Getting method semantics right - clean reads, safe retries, cache keys, sane fallbacks for old infrastructure is exactly the kind of detail that saves a rewrite later.
→ Book a 30-min call · See the work
Frequently Asked Questions
What is the HTTP QUERY method?
QUERY (RFC 10008) asks a server to run a query and return a result, with the query held in the request body. It's like POST because the body carries the query, but unlike POST it's explicitly safe and idempotent, so it can be cached and safely retried.
How is QUERY different from GET and POST?
GET puts parameters in the URL and its body has no defined meaning. POST has a body but isn't guaranteed safe or idempotent, so it isn't cacheable as a read. QUERY gives you a body that is safe, idempotent, and cacheable built for complex reads.
Is RFC 10008 approved or just a draft?
Approved and published. It's an IETF Internet Standards Track document, approved by the IESG in 2026 after years as a draft. Real-world support across browsers, proxies, and gateways will still roll out gradually.

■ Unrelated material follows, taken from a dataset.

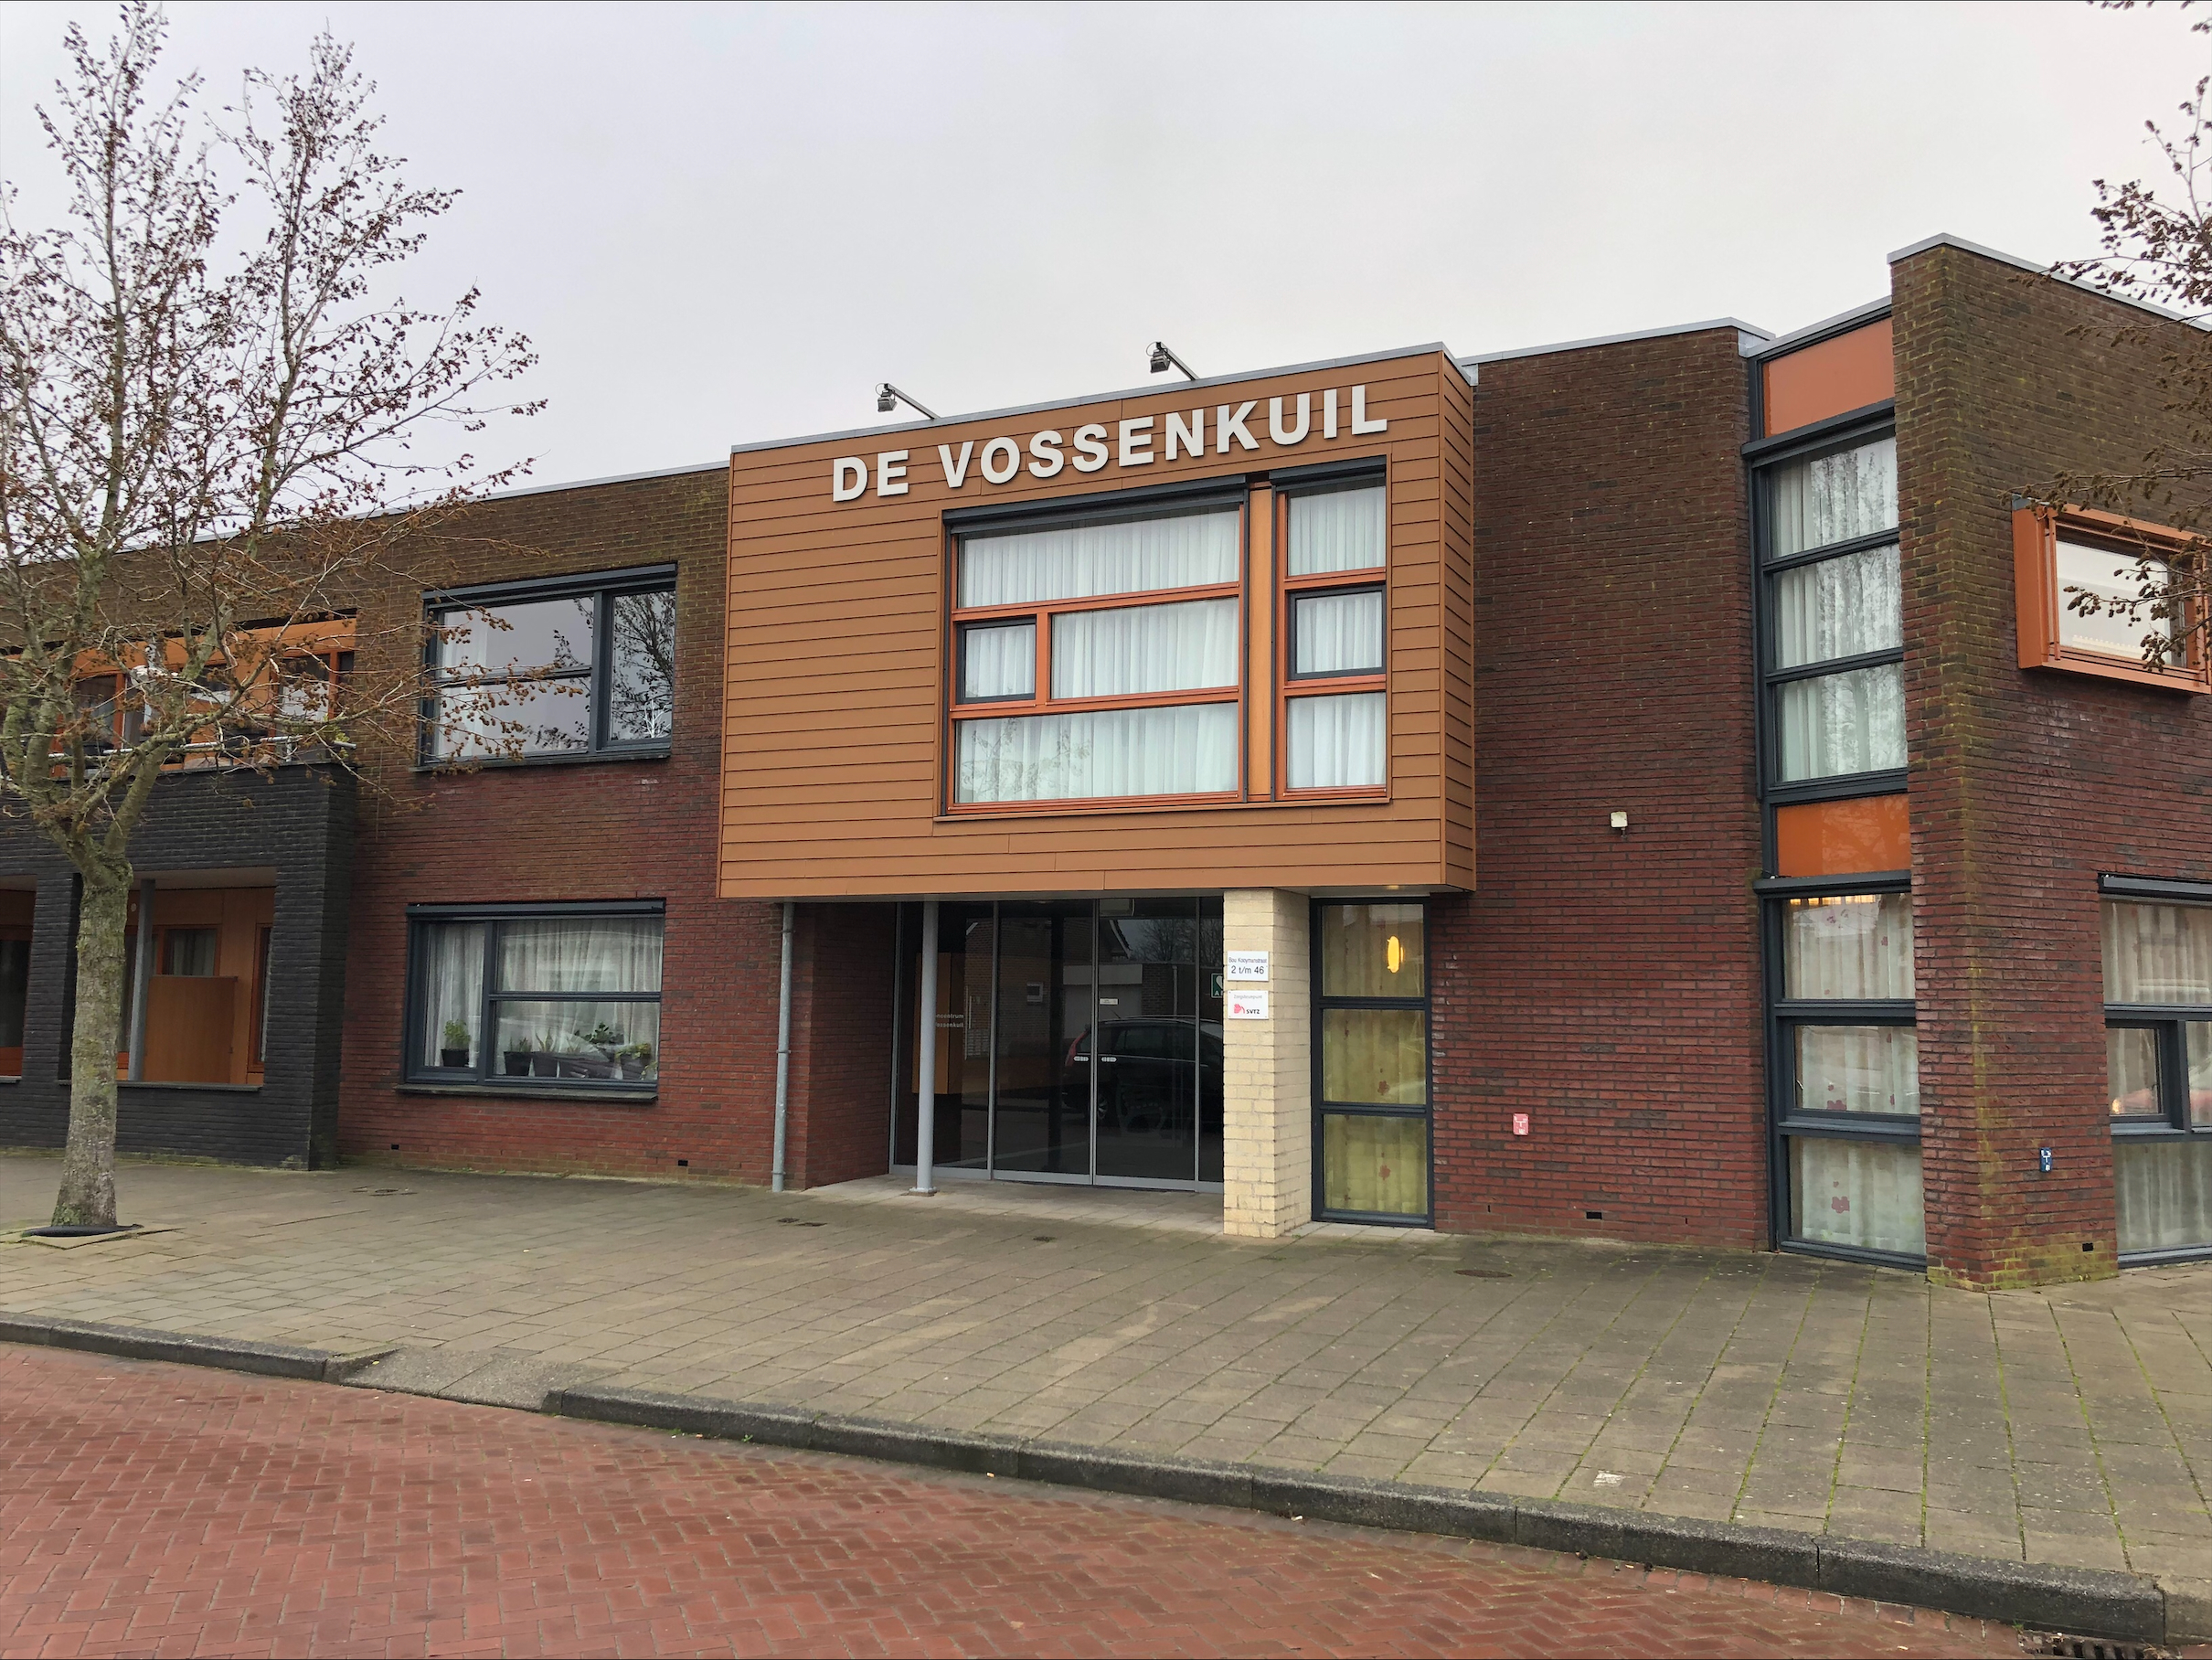 Bou Kooijmanstraat 6, 4698 AM Oud-Vossemeer, Nederland

Why not just allow a body on GET?
A GET body has no defined semantics and many proxies silently drop it, causing confusing failures. A distinct QUERY method makes support explicit: unsupported servers return a clear error instead of quietly discarding your data.
Should I use QUERY in production now?
For services you control end to end, yes, you can pilot it. For public or enterprise traffic, expect middleboxes and gateways to lag, many teams will keep using POST or X-HTTP-Method-Override until infrastructure catches up. Design so switching later is cheap.
Primary source: RFC 10008 — The HTTP QUERY Method (IETF, 2026). All quoted properties (safe, idempotent, cacheable, Content-Type requirement, comparison table, and Security Considerations) are drawn directly from the specification. Practitioner patterns referenced are from public developer discussion of the RFC; predictions on adoption timelines are TechOrigins' own analysis, labeled as such.